On March 24, 1997, further modifications to the Vaccine Injury Table took effect that include addition of brachial neuritis and removal of encephalopathy for tetanus-containing vaccines, addition of thrombocytopenia and vaccine-strain measles virus infection, removal of residual seizure disorder for measles-containing vaccines, and addition of vaccine-strain poliovirus infection for live polio virus vaccine. Modifications also include the addition of three new vaccines: hepatitis B, Haemophilus influenzae type b, and varicella. Coverage for the three new vaccines went into effect August 6, 1997. The Rule also provides for "automatic " addition of future vaccines recommended by CDC for routine administration to children, although injuries for such vaccines will be specified only after additional rulemaking. All other Table changes become effective for all claims filed on or after March 24.
Rotavirus vaccine was added for coverage, effective October 22, 1998. On May 22, 2001, the Secretary published a notice in the Federal Register announcing the addition of pneumococcal conjugate vaccines to the Vaccine Injury Table under Category XIII with an effective date of December 18, 1999. (66 Fed. Reg. 28166-01 (May 22, 2001)). Category XIII is the general category reserved for new vaccines that qualify for coverage under the VICP. Because this category is general, it does not specifically include reference to pneumococcal conjugate vaccines. The Secretary plans on including pneumococcal conjugate vaccines as a separate and distinct category on the Vaccine Injury Table through the rulemaking process, in order to comply with legal requirements. For the purpose of potential petitioners filing claims concerning pneumococcal conjugate vaccines, however, this category of vaccines is now covered by the VICP (under the Table's broad Category XIII).

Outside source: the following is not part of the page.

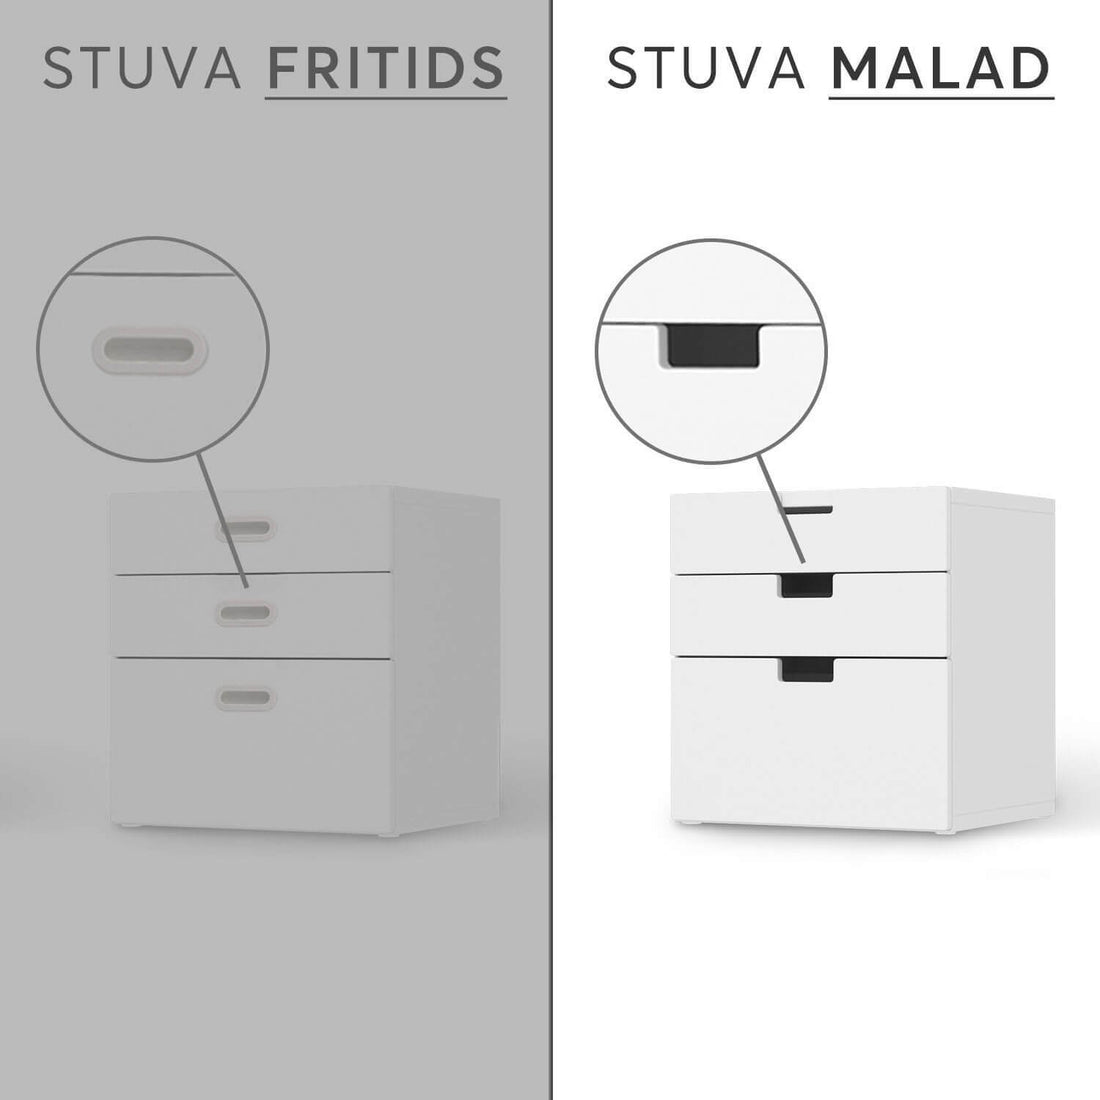 Folie für Möbel IKEA Stuva / Malad Kommode - 3 Schubladen - Design: Pink Light

What documentation are vaccine administrators required to keep?
The National Childhood Vaccine Injury Act requires that the date of administration; vaccine manufacturer; lot number; and name, address, and title of the health care provider be recorded in the patient's permanent medical record.
What adverse events are health care providers required to report?
The Vaccine Adverse Events Reporting System (VAERS), operated by the Food and Drug Administration (FDA) and the CDC, should be notified of any adverse event by completing a VAERS reporting form. The following events are required to be reported:
a. Any event set forth in the Vaccine Injury Table that occurs within the time period specified, or within 7 days if that is longer.
b. Any contraindicating event listed in the manufacturer's package insert.
In addition, VAERS accepts all reports by any interested party of real or suspected adverse events occurring after the administration of any vaccine.
The VAERS form may be obtained by calling 1-800-822-7967.
Please note: Submitting a reporting form to VAERS is not the same as filing a claim under the VICP as they are two separate programs.
If I believe that the thimerosal (mercury) in a vaccine caused an injury or death, can I file a claim with the VICP?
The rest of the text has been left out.